Is it right to waste helium on party balloons?


The US has been selling off its helium reserve, established in the 1920s to provide gas for airships – but even so, shortages have been occurring.

Some scientists believe a finite resource that could one day run out should not be used for party balloons.

balloons

In the universe as a whole, it is one of the commonest elements, second only to hydrogen in its abundance. On Earth it is relatively rare, and the only element that escapes gravity and leaks away into space.

“All of the other elements we’ve scattered around the globe, maybe we can go digging in garbage dumps to get them back,” says chemist Andrea Sella, of University College London (UCL).

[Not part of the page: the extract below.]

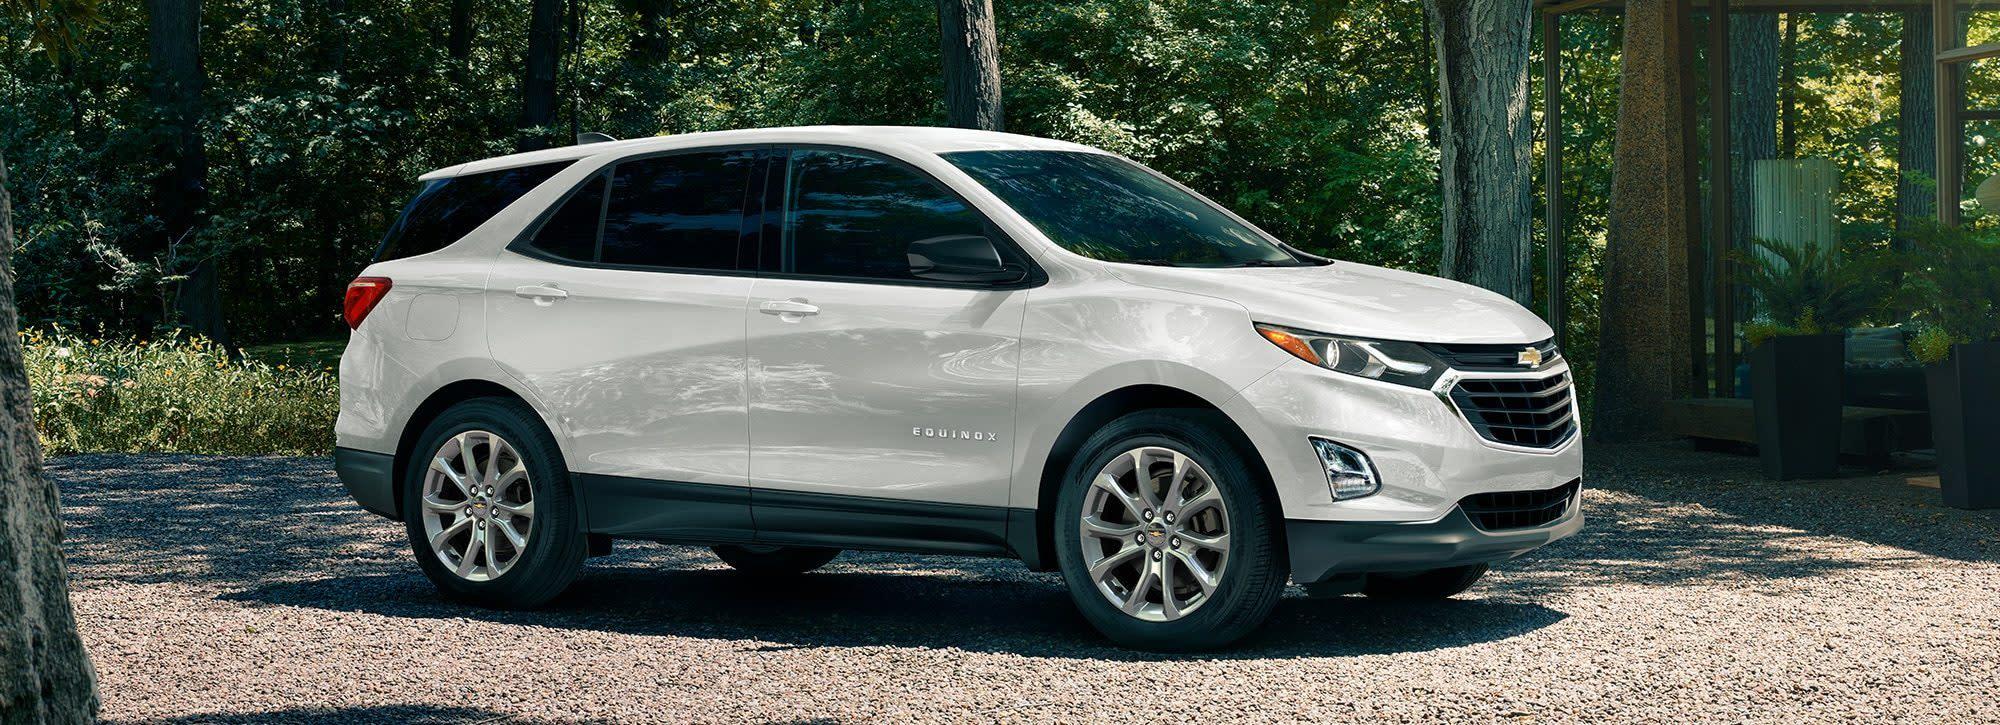 2020 Chevrolet Equinox for Sale near Tulsa, OK

“But helium is unique. When it’s gone it is lost to us forever.”

Helium has the lowest boiling point of any element, at -269C, just a few degrees above absolute zero (-273C).

“We’re going to be looking back and thinking, I can’t believe people just used to fill up their balloons with it, when it’s so precious and unique,” says Cambridge University chemist Peter Wothers, who has called for the end to helium-filled party balloons.

“It is something we need to think about.”

That would mean an end to the old party favourite of breathing in helium from a balloon, and then talking in a high-pitched voices – a result of helium’s fast-moving molecules. But maybe this would be no bad thing, as it can cause dizziness, headaches and even death.

The gas, which is formed by the decay of radioactive rocks in the earth’s crust, accumulates in natural gas deposits and is collected as a by-product of the gas industry.

The United States is currently the world’s biggest supplier, with the bulk of it stored near Amarillo, Texas, in the national helium reserve – which alone accounts for 35% of the world’s current supply.

This was set up in 1925 as a strategic store for supplying gas to US airships, while after World War Two it provided coolant for missiles and rockets for the military and Nasa.

US airship USS Shenandoah, the first helium-filled rigid airship, 1923USS Shenandoah, the world’s first helium-filled rigid airship

But since the mid-1990s, with growing civilian demand for helium in the manufacture of semi-conductors and for MRI scanners, among other things, the US has been clawing back the cost of storing the gas by gradually selling it off on the open market.

Despite this, the price of helium has doubled over the past 10 years.

Scare stories about this or that resource running out are a commonplace of doomsayers – but this autumn, the world got a taste of what a helium shortage could mean.

US semiconductor manufacturers knew that under the terms of a 1996 law, the US helium reserve was legally obliged to turn off the tap last month.